Difficult choices for HealthCare.gov customers

For Sydney Badeau, an advocate for people with disabilities, affordable insurance through HealthCare.gov made it possible for her to work part-time for two different Wisconsin advocacy groups. In 2026, that has changed.

Badeau calculated that her 2026 premium would cost her around $450 a month — more than she could afford. She told the Wisconsin Examiner she was able to shift her work arrangement, taking a full-time position with one of her employers, The Arc Wisconsin, which now provides her health benefits, while remaining as a part-timer for her other employer, People First Wisconsin.

Most health plans sold at HealthCare.gov are classified Gold, Silver or Bronze based on a combination of their coverage, premium cost and the out-of-pocket costs that patients incur.

Nancy Peske, a Milwaukee-area freelance writer, editor and consultant, said she has always purchased a bronze plan with a $7,500 deductible. Thanks to the enhanced subsidy, her insurance cost her $370 a month in 2025, she said, instead of about $900 a month.

For 2026, her premium has risen to $1,164 a month — with no subsidy any more.

Peske has stopped contributing to her retirement account. “It will probably push back retirement for a couple of years for me,” she said.

Amanda Sherman, a Mequon real estate broker’s assistant, purchased a mid-level Silver plan in 2025 with a $7,500 deductible. Enhanced subsidies reduced her monthly premium by about $250, to $222 a month.

The health plan also helped cover some expensive medications for her complex autoimmune disorder, Sherman said.  

For 2026 she wound up with a Bronze plan that has a $9,500 deductible. Although she no longer has an enhanced subsidy, she does qualify for a smaller subsidy that still exists, of about $185 dollars — lowering her premium that would have been $538 a month to $353 a month — $120 more than she was paying in 2025.

When she went to enroll for 2026, Sherman’s previous insurer had left the HealthCare.gov marketplace where she lived. In picking a replacement plan, she said, she found herself having to choose between an option with better coverage for her medications — or one that included the same providers and specialists she had grown to trust.

Making that choice was a struggle, but keeping that care team was important, she decided. “I feel like that’s invaluable,” Sherman said.

Enrollment could fall off further

Charles Gaba (Courtesy photo)

Nationally and in Wisconsin, the total HealthCare.gov enrollment numbers could still shrink further, according to Charles Gaba, an independent researcher who monitors enrollment and coverage under the Affordable Care Act.

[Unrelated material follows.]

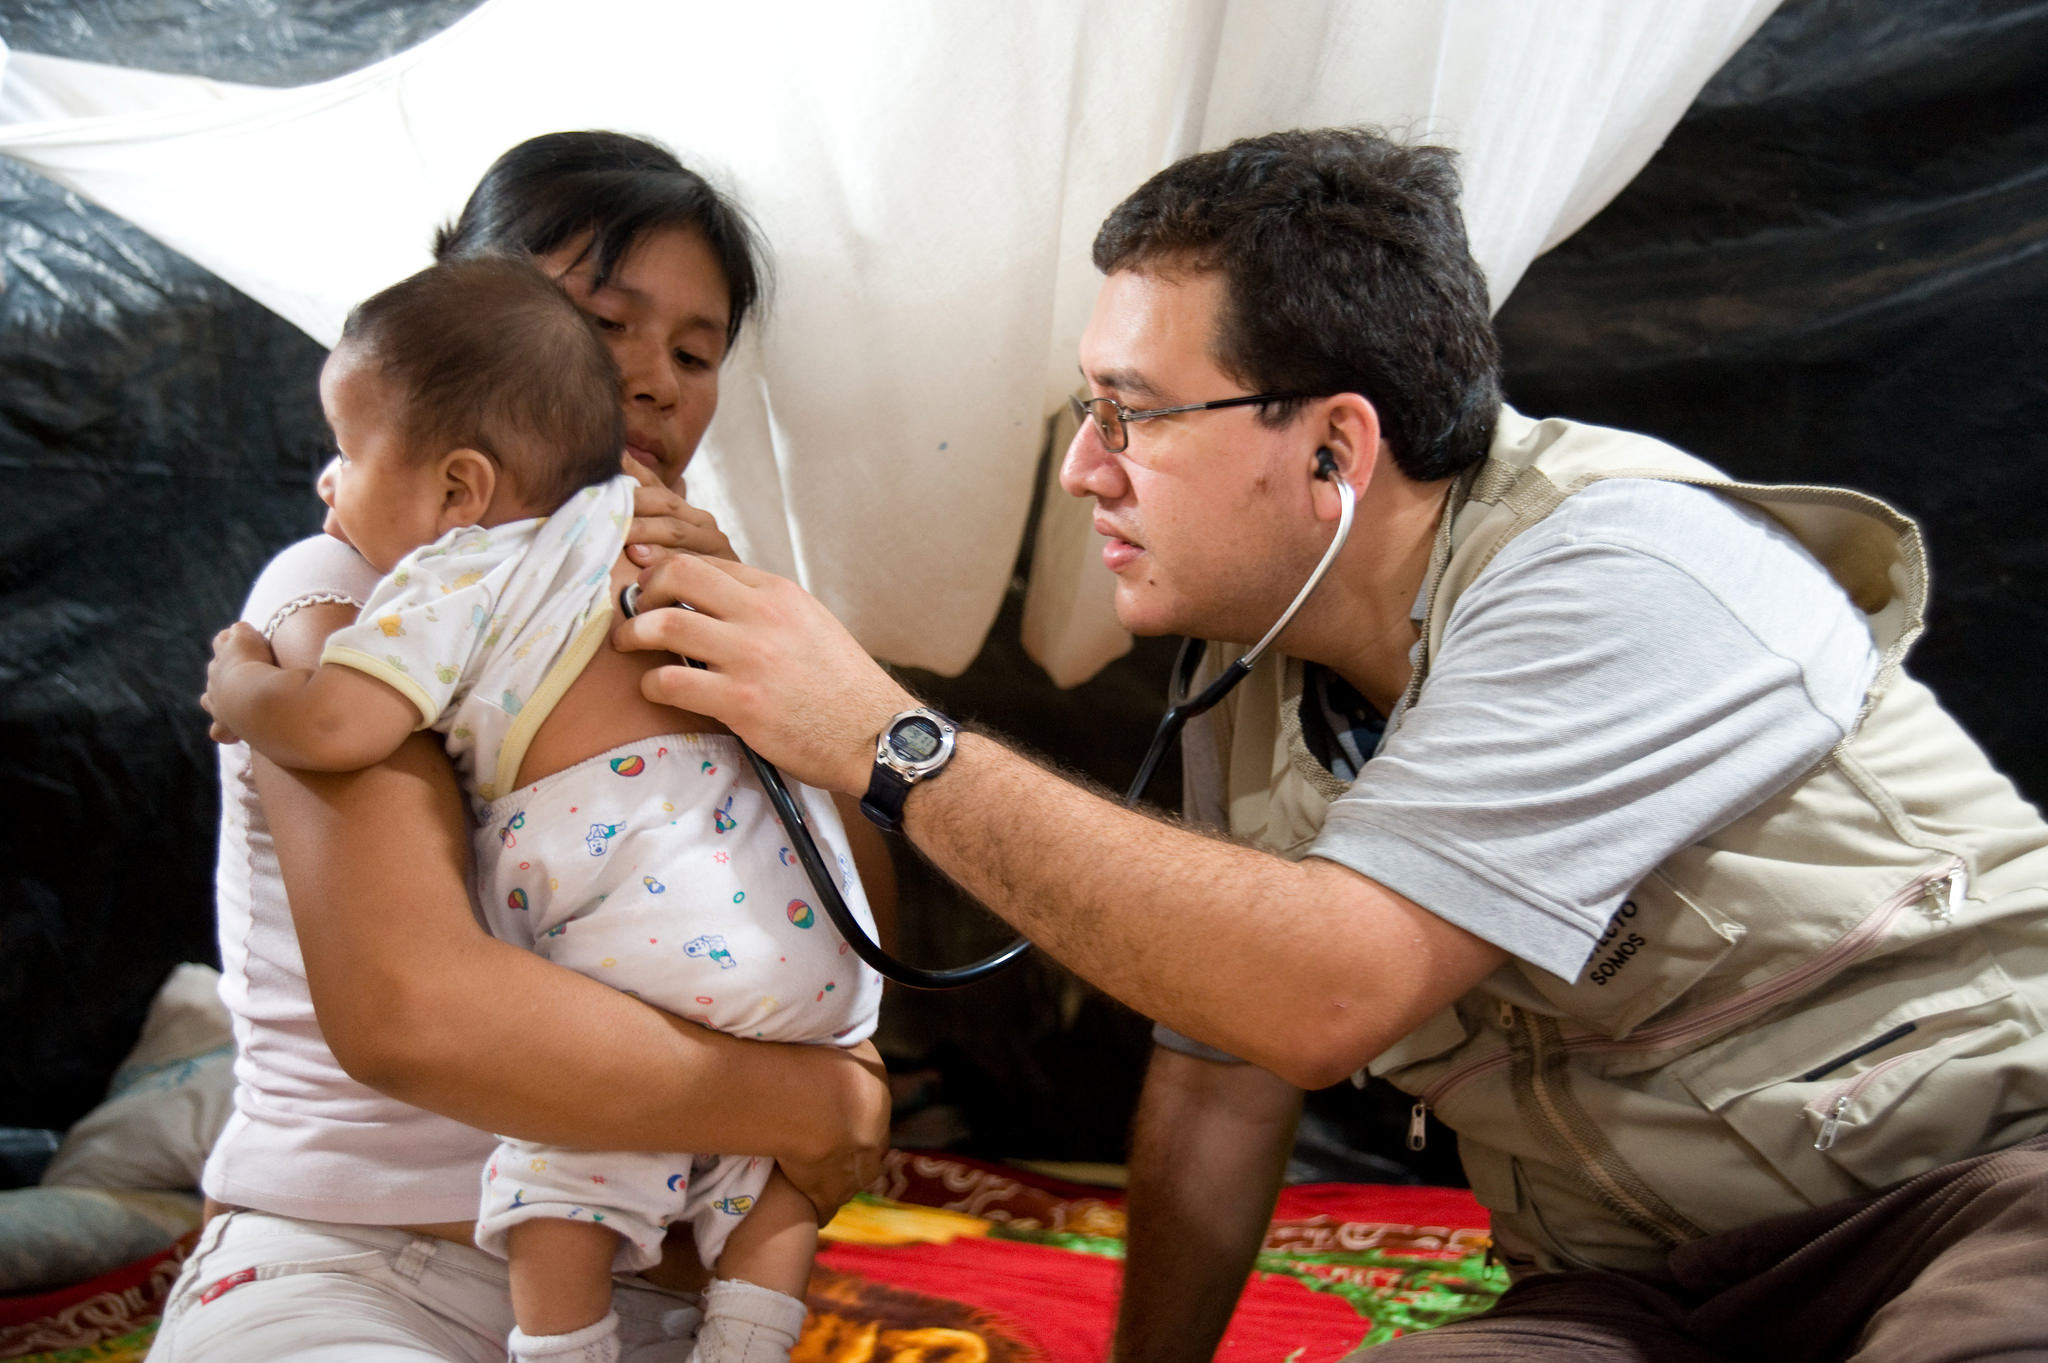 Mengetahui Tentang Asuransi Kesehatan Peru

In addition to monitoring open enrollment data at his website, acasignups.net, Gaba regularly posts information on a number of other data points. One of those is “effectuated enrollment” — active coverage for which the person enrolling has paid the monthly premium. Effectuated enrollment data lags by several months.

In a post Jan. 29, Gaba wrote that “it’s important to remember that up to 10 MILLION of the [approximately] 19.6M enrollees who re-enrolled did so by passively auto-renewing, which means millions of them received massive sticker shock when they received their January invoice.”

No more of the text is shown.